Apr 23, 2024 - Technology

AI shakes up corporate boards

Illustration of a board room table with 8 chairs, one of them a different color, surrounded by abstract shapes.

Illustration: Gabriella Turrisi/Axios

AI is forcing corporate boards to change how they operate, with the most aggressive companies appointing AI bots as observers to their boards and putting tech at the center of their board strategy work.

Why it matters: The world's largest companies are increasingly obsessed with AI — mentioning it repeatedly in 2024 earnings calls — but most boards lack the expertise to effectively guide AI strategies.

  • New uses of AI could support boards to make more informed decisions.

The big picture: The pace of AI innovation is pushing executives to develop AI strategies quicker than they have for previous new technologies, and boards are now part of that wave of change.

Case in point: One of the UAE's most valuable public companies, International Holding Company, has appointed Aiden Insight to its board as an "AI observer."

  • Aiden Insight is the persona of a tool called BoardNavigator, created by G42 — the Gulf region AI company that recently obtained a $1.5 billion investment from Microsoft.
  • BoardNavigator was built with Microsoft's Azure OpenAI service, in cooperation with Microsoft, G42 said in a statement.

How it works: G42 promises that Aiden Insight will provide "real-time insights to inform discussions and guide decisions" during business meetings, which it says is possible because of continuous data analysis and ethical and compliance monitoring.

  • The tool combines a company's own data with external market trend data to offer advice, and G42 says it works best for energy, health, finance and technology companies.

Context: Non-AI software has been changing board governance for years — most noticeably through "board portals" offered by companies such as Nasdaq, which create a secure environment for boards to deliberate and take action.

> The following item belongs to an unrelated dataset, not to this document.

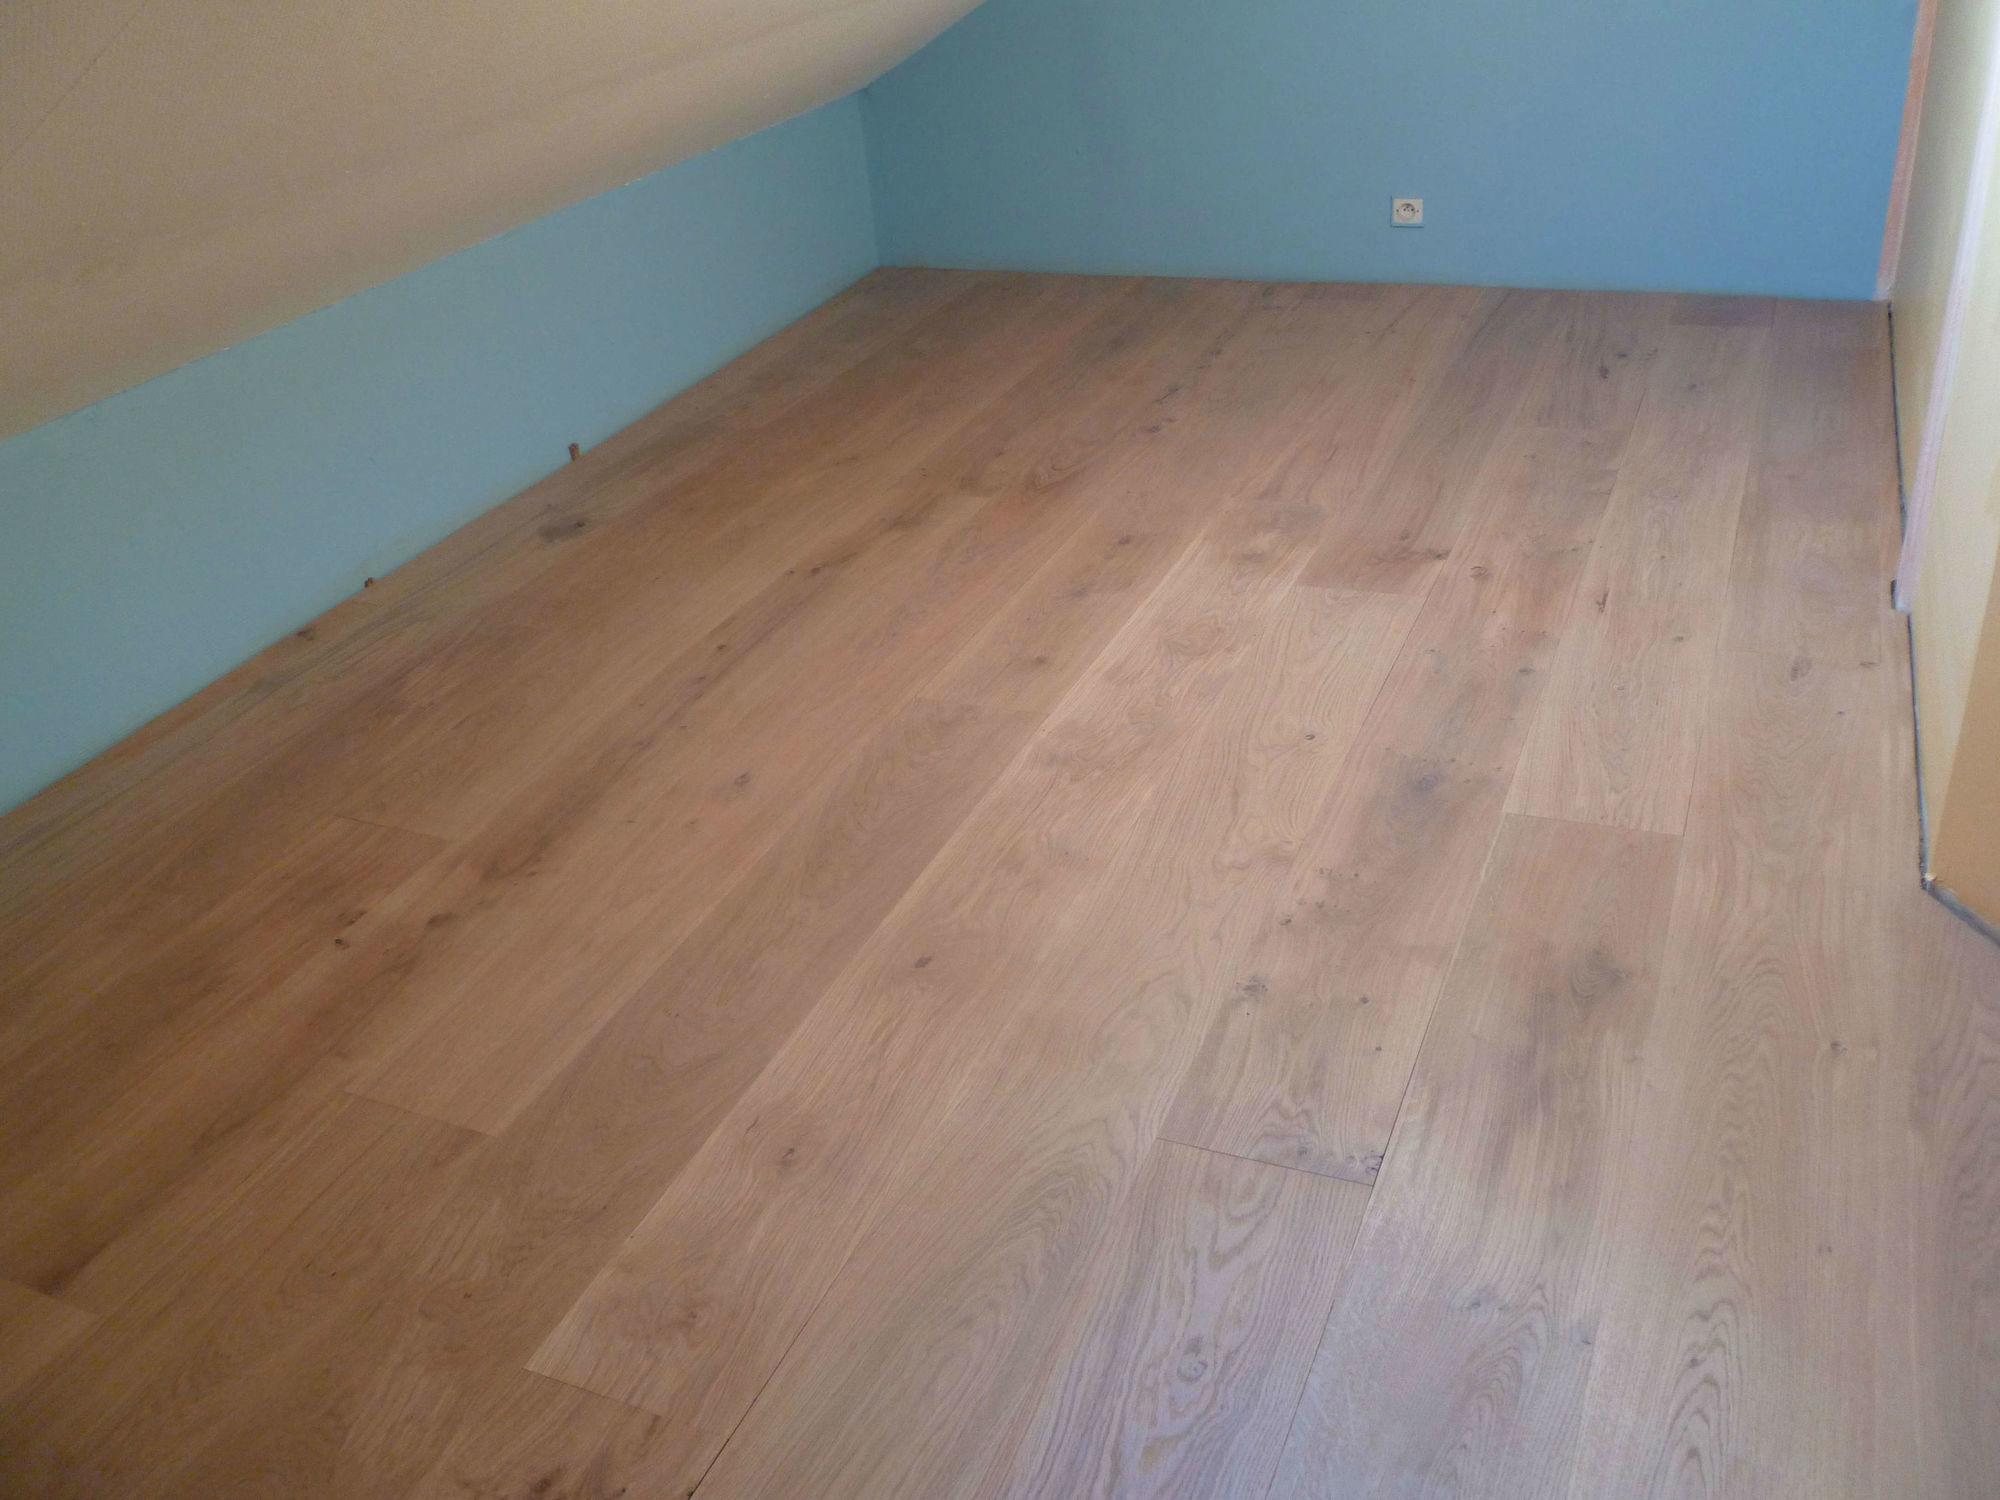 chanfrein parquet cool plancher chene blanchi avec parquet chene massif blanchi latest cliquez. Black Bedroom Furniture Sets. Home Design Ideas

Driving the news: The National Association of Corporate Directors created a 24-member commission April 16 to develop AI principles to guide its 23,000 or so members who sit on boards.

  • The commission will be co-chaired by David Kenny, incoming chair of Best Buy and executive chair at Nielsen, and Nora Denzel, the lead independent director at AMD.

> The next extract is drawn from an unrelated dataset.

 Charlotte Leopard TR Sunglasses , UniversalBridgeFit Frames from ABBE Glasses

By the numbers: Only 13% of S&P 500 companies have at least one director with AI-related expertise, according to an analysis of SEC filings by ISS-Corporate, a governance consultancy.

  • Just eight companies in the S&P 500 have formal AI board oversight systems, per ISS, and only around 1 in 7 Fortune 500 boards have a broader science or technology committee.

What they're saying: "The use of AI in the boardroom is a game changer," Kiril Evtimov, group chief technology officer for G42, said in a statement.

  • "CEOs sometimes don't understand the issue well enough to organize the different interests inside the organization" around AI, and boards need AI competence to spot that, Friso van der Oord, senior vice president at NACD, told Axios.
  • "It's crazy for a board to [still] get updates every 90 days with PDFs when predictive AI can spot a revenue issue two weeks into a quarter," Steve Singh, managing director of Madrona Venture Group, told Axios.
  • Singh, who is also a board member at Clari, a revenue management platform used by executives and boards, said: "Soon with generative AI, agents will be working on the board's behalf, prodding a company's revenue leaders. The board will add a permanent layer of analytical value to the organization."

Between the lines: Experts suggest that, thanks to AI and other tech-driven trends, executives need to hear from their boards more frequently, rather than once a month or every three months.

Yes, but: All this acceleration of board work could blur the lines between a company's operational management and board oversight.

  • Seating an AI bot on a board also raises novel questions about liability for the AI's actions. Alissa Kole, managing director of advisory firm Govern Center, argues that responsibility lies with the AI's developers, "effectively upending the entire concept of board liability insurance."

Flashback: 45% of respondents to a 2015 World Economic Forum technology survey predicted the first AI board directors would appear by 2025.

The bottom line: Executives and their boards will need to work in tandem to spot and seize AI opportunities — and some of those conversations will be with AI agents.